* **Problem to work on**
Keep the wording of every entry exactly as it is while leaving the pictures out of your copy.
BEGIN Records for this task
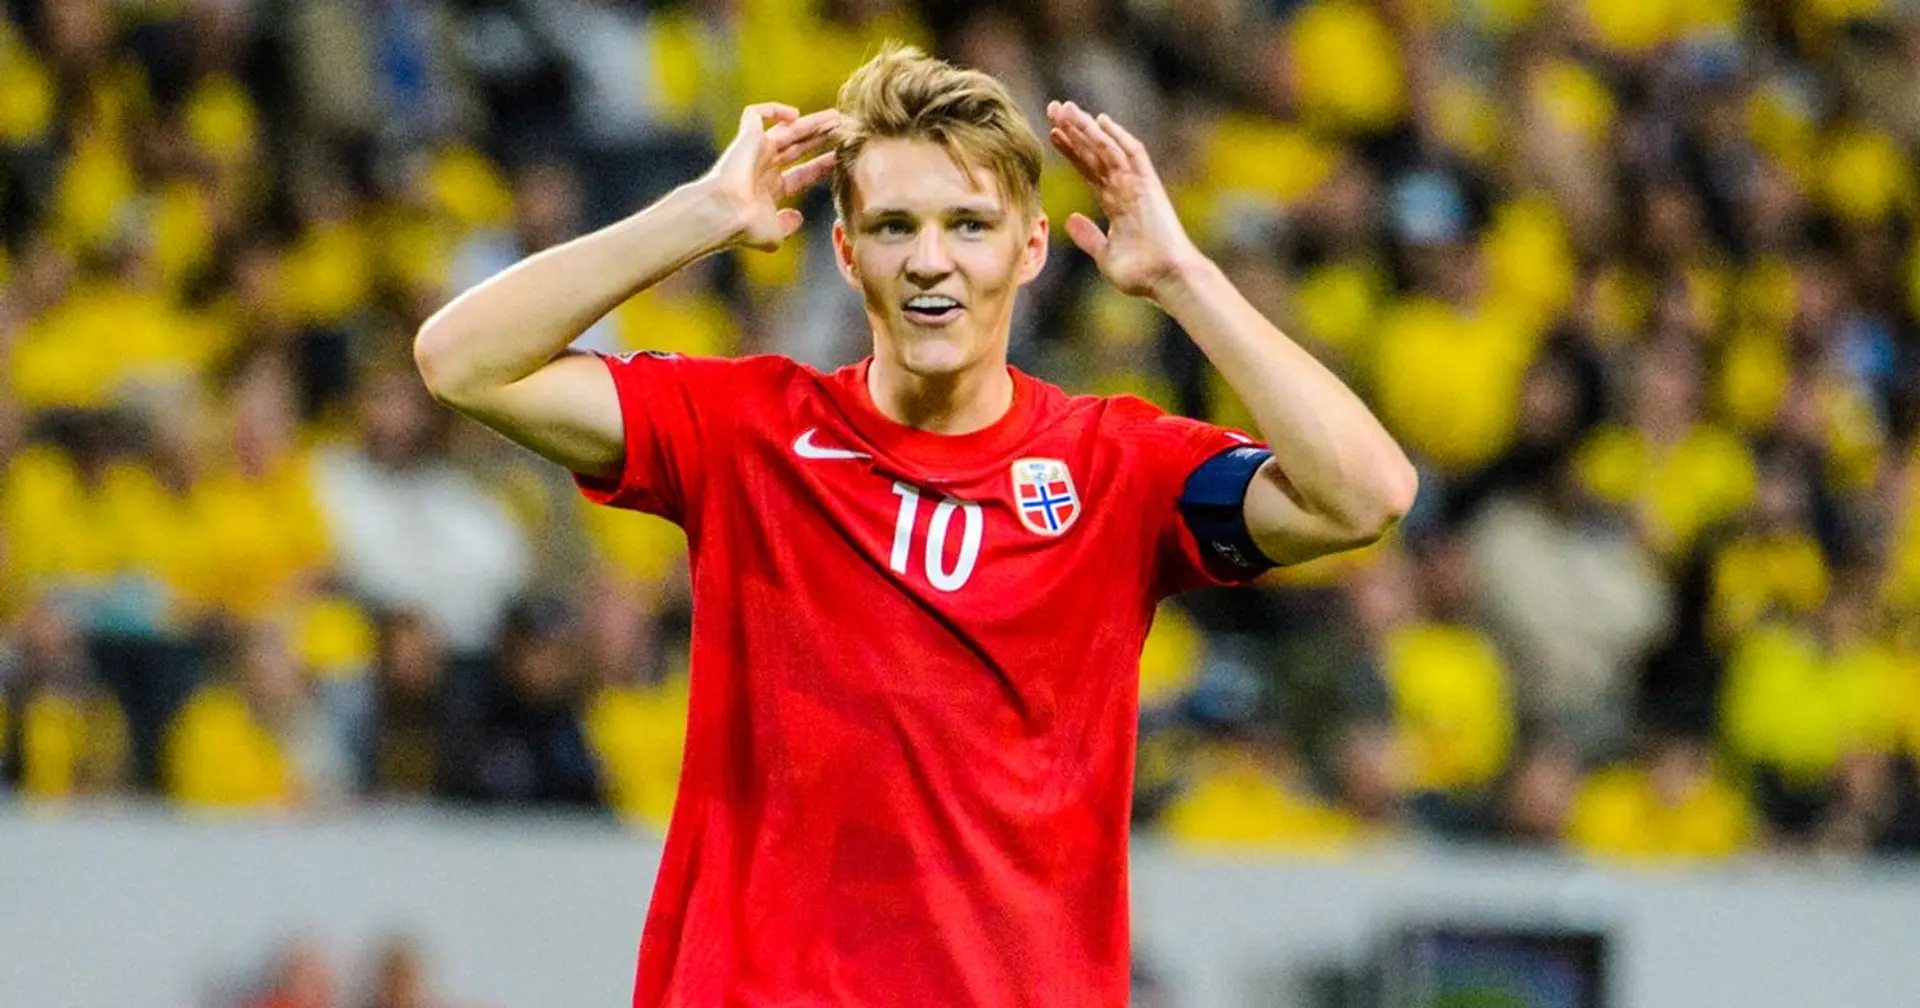 Arsenal receive injury boost as Martin Odegaard plays 70 minutes for Norway
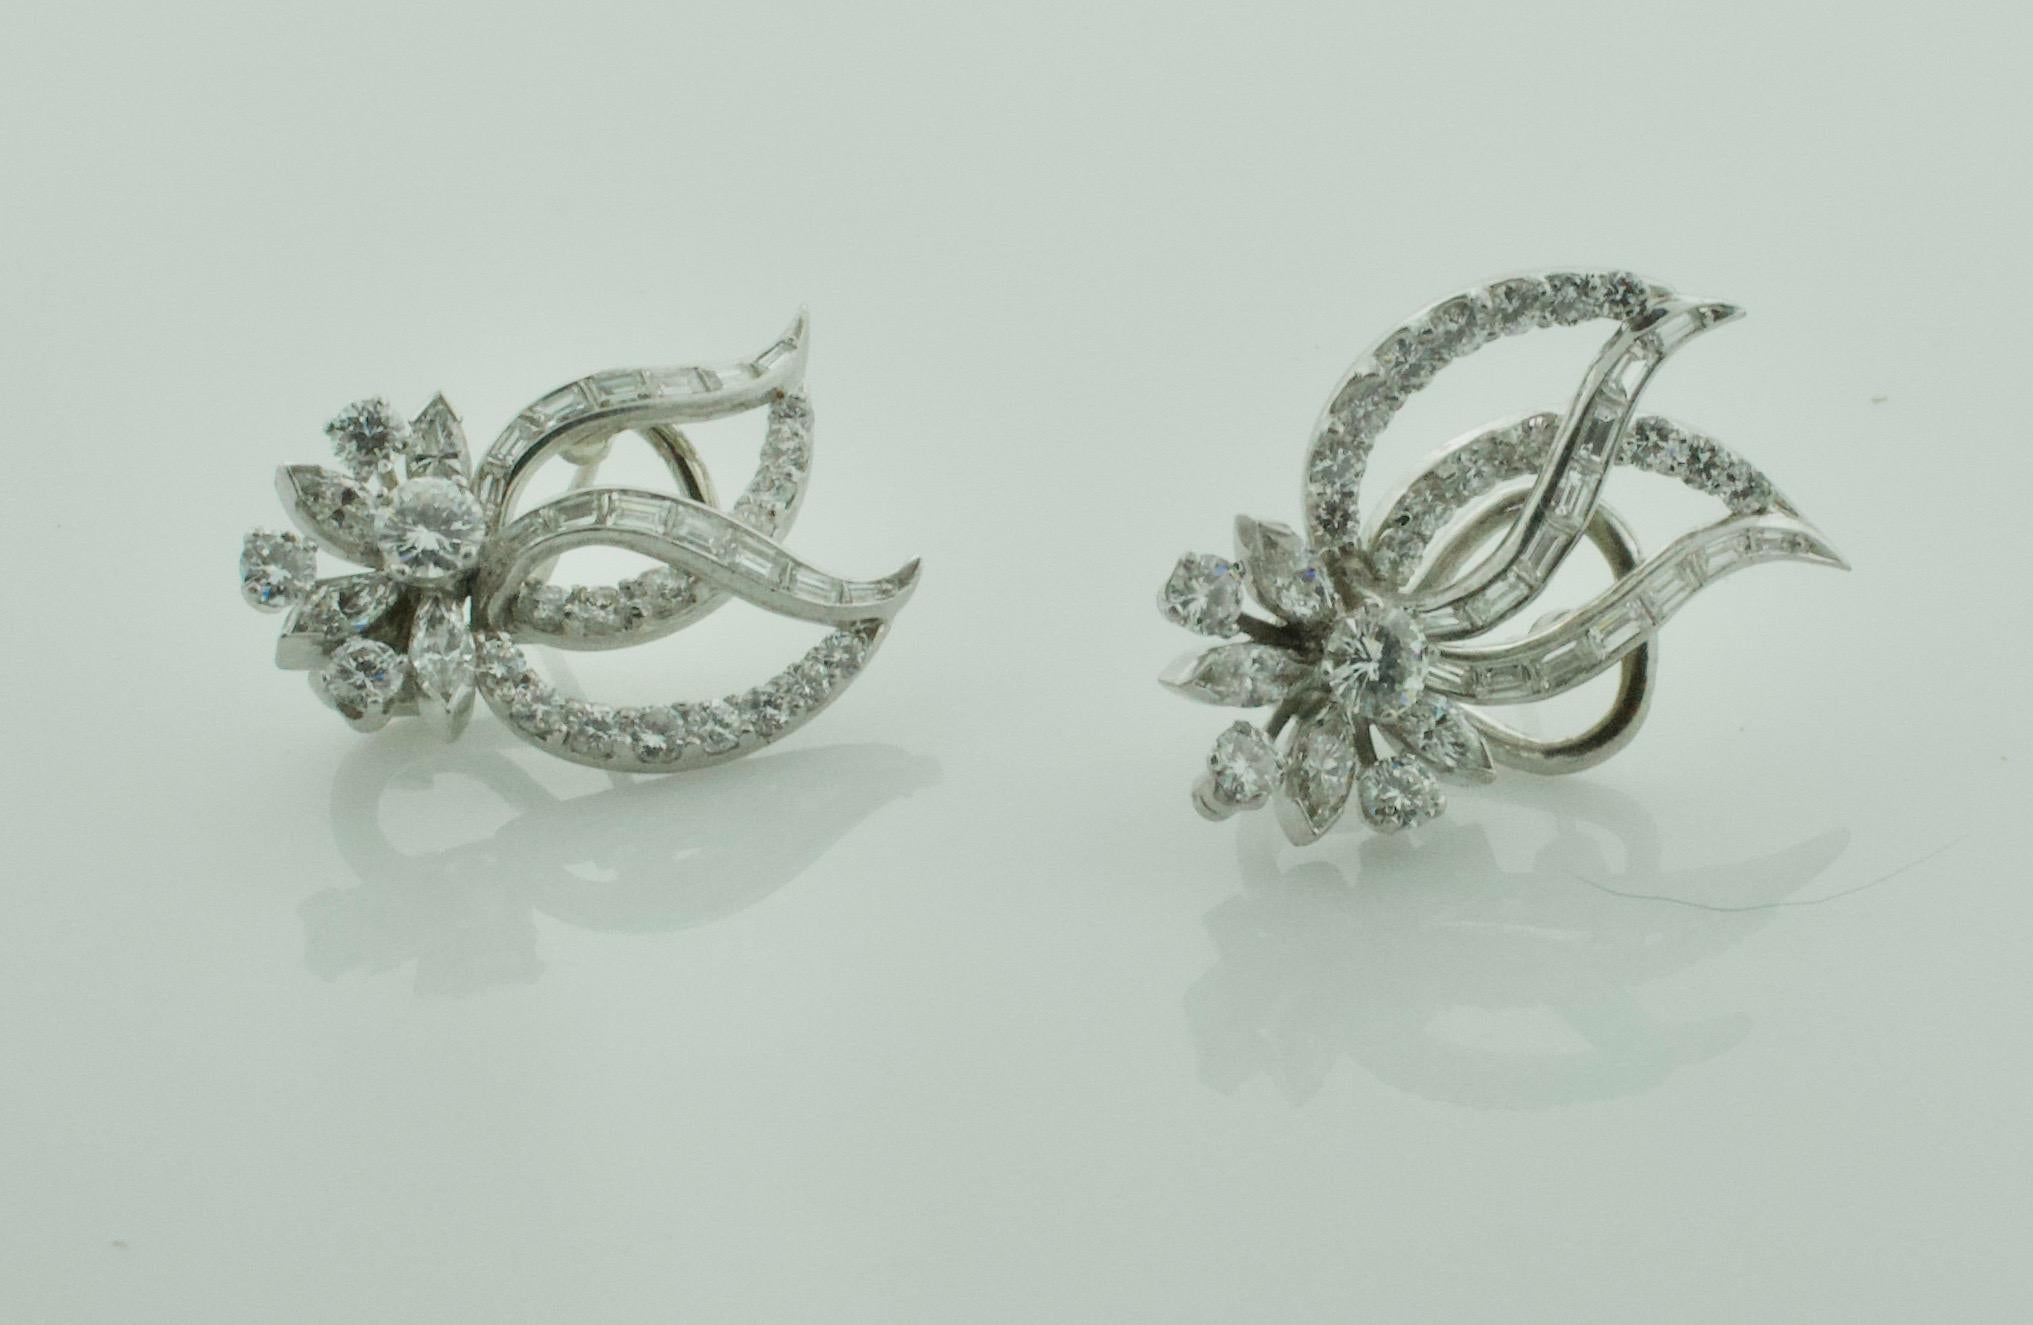 Platinum and Diamond Handmade Earrings Circa 1940's 4.35 carats
Left and Right 
Two Round Brilliant Cut Diamonds weighing .50 carats approximately [GH-VVS-SI1}
Thirty Two Round Brilliant Cut Diamonds weighing 1.15 carats approximately
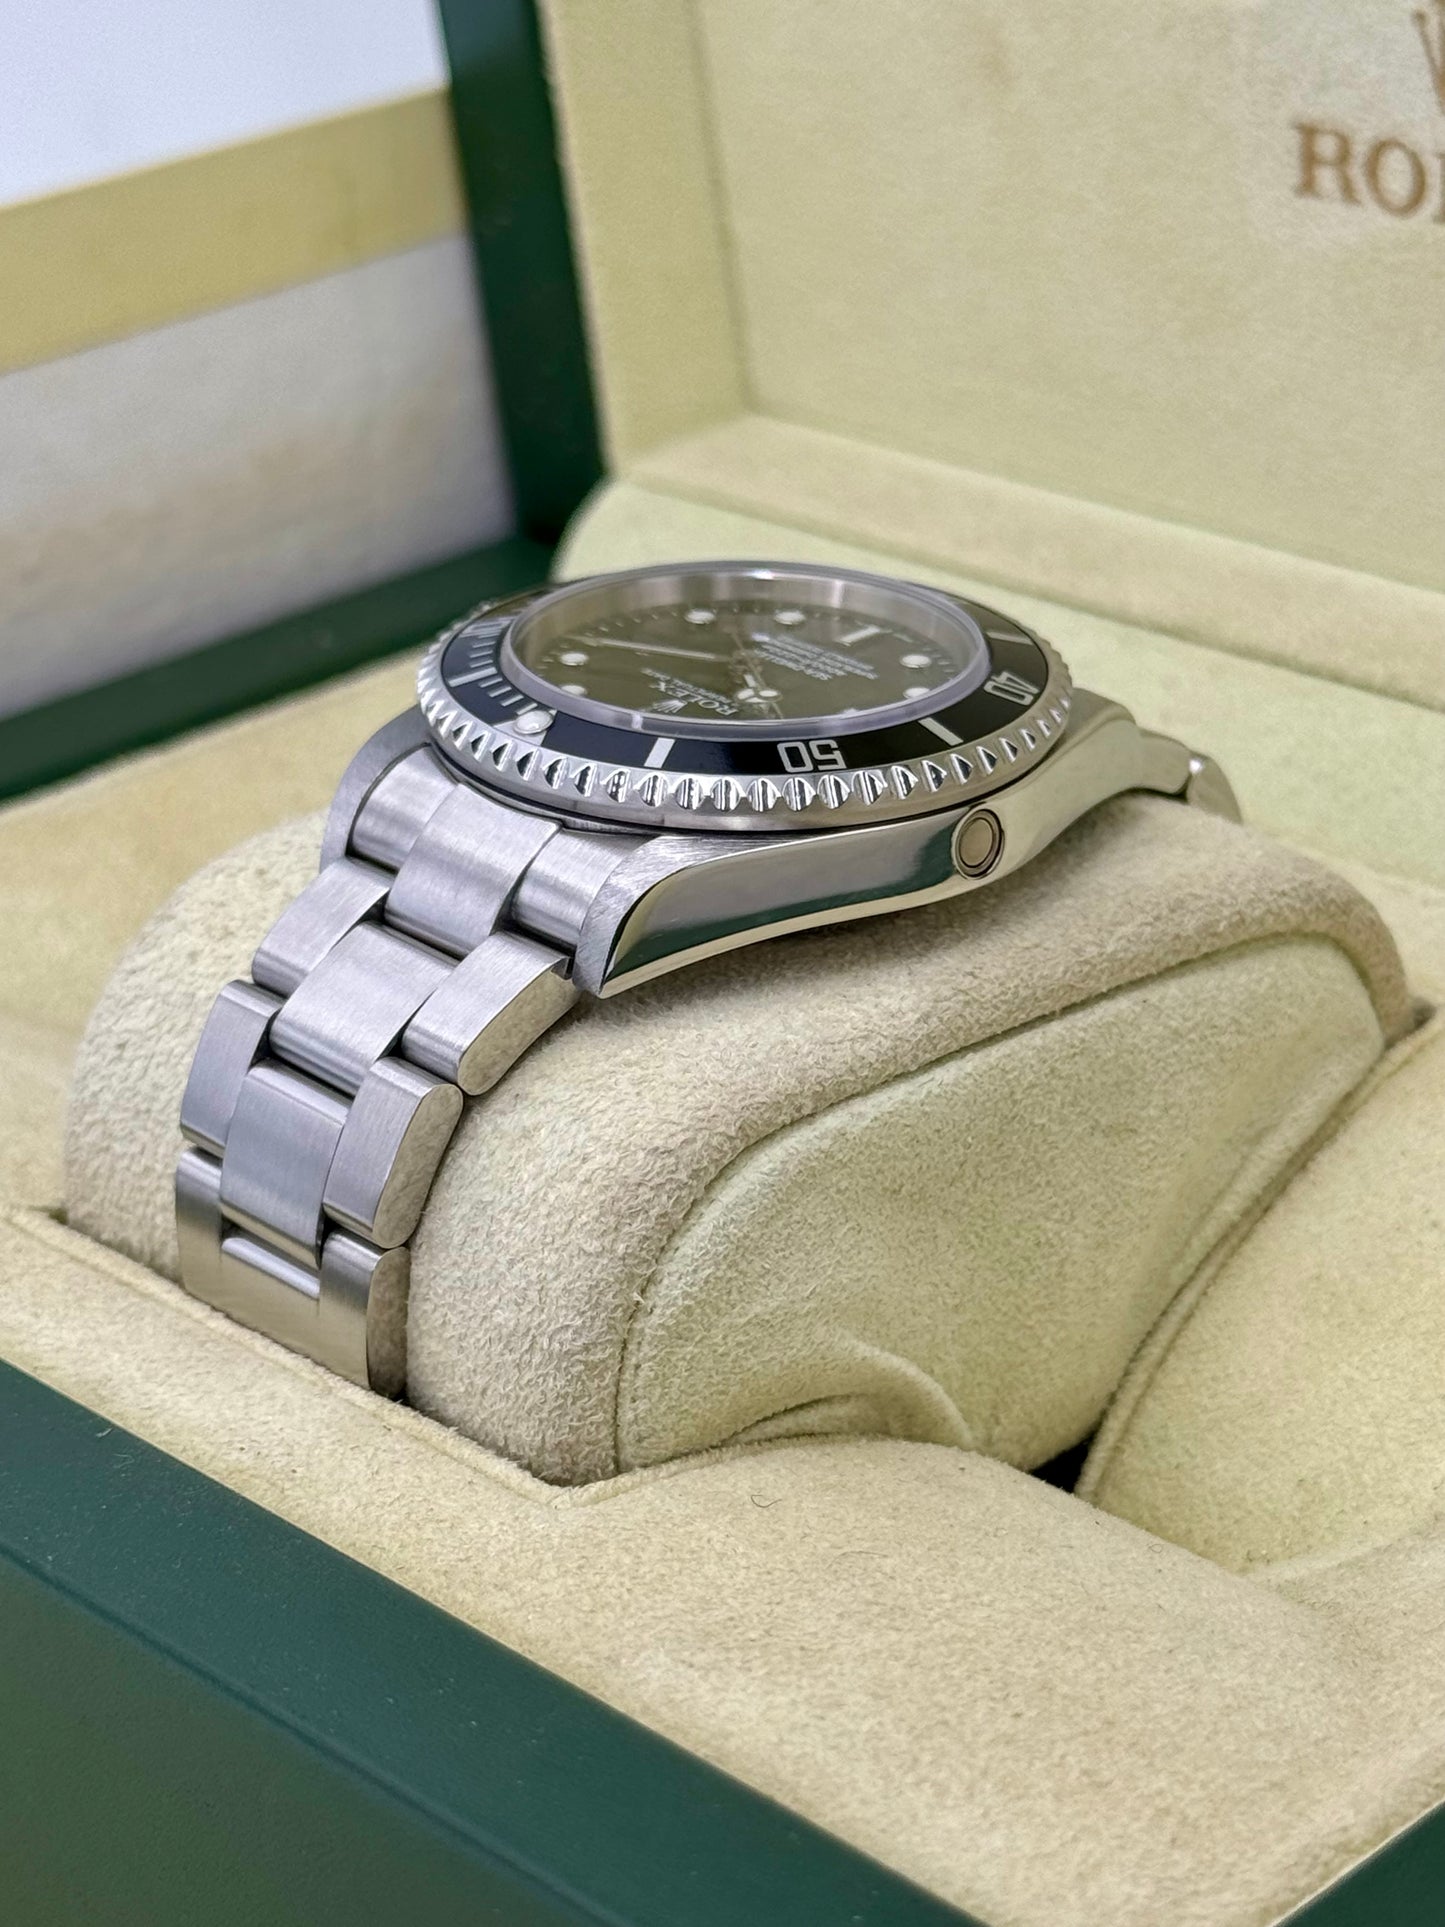 2005 Rolex Sea-Dweller 40mm 16600 Stainless Steel Black Dial - MyWatchLLC
END Records for this task
* **Your response**
 Arsenal receive injury boost as Martin Odegaard plays 70 minutes for Norway
 Platinum and Diamond Handmade Earrings Circa 1940's 4.35 carats
Left and Right 
Two Round Brilliant Cut Diamonds weighing .50 carats approximately [GH-VVS-SI1}
Thirty Two Round Brilliant Cut Diamonds weighing 1.15 carats approximately
 2005 Rolex Sea-Dweller 40mm 16600 Stainless Steel Black Dial - MyWatchLLC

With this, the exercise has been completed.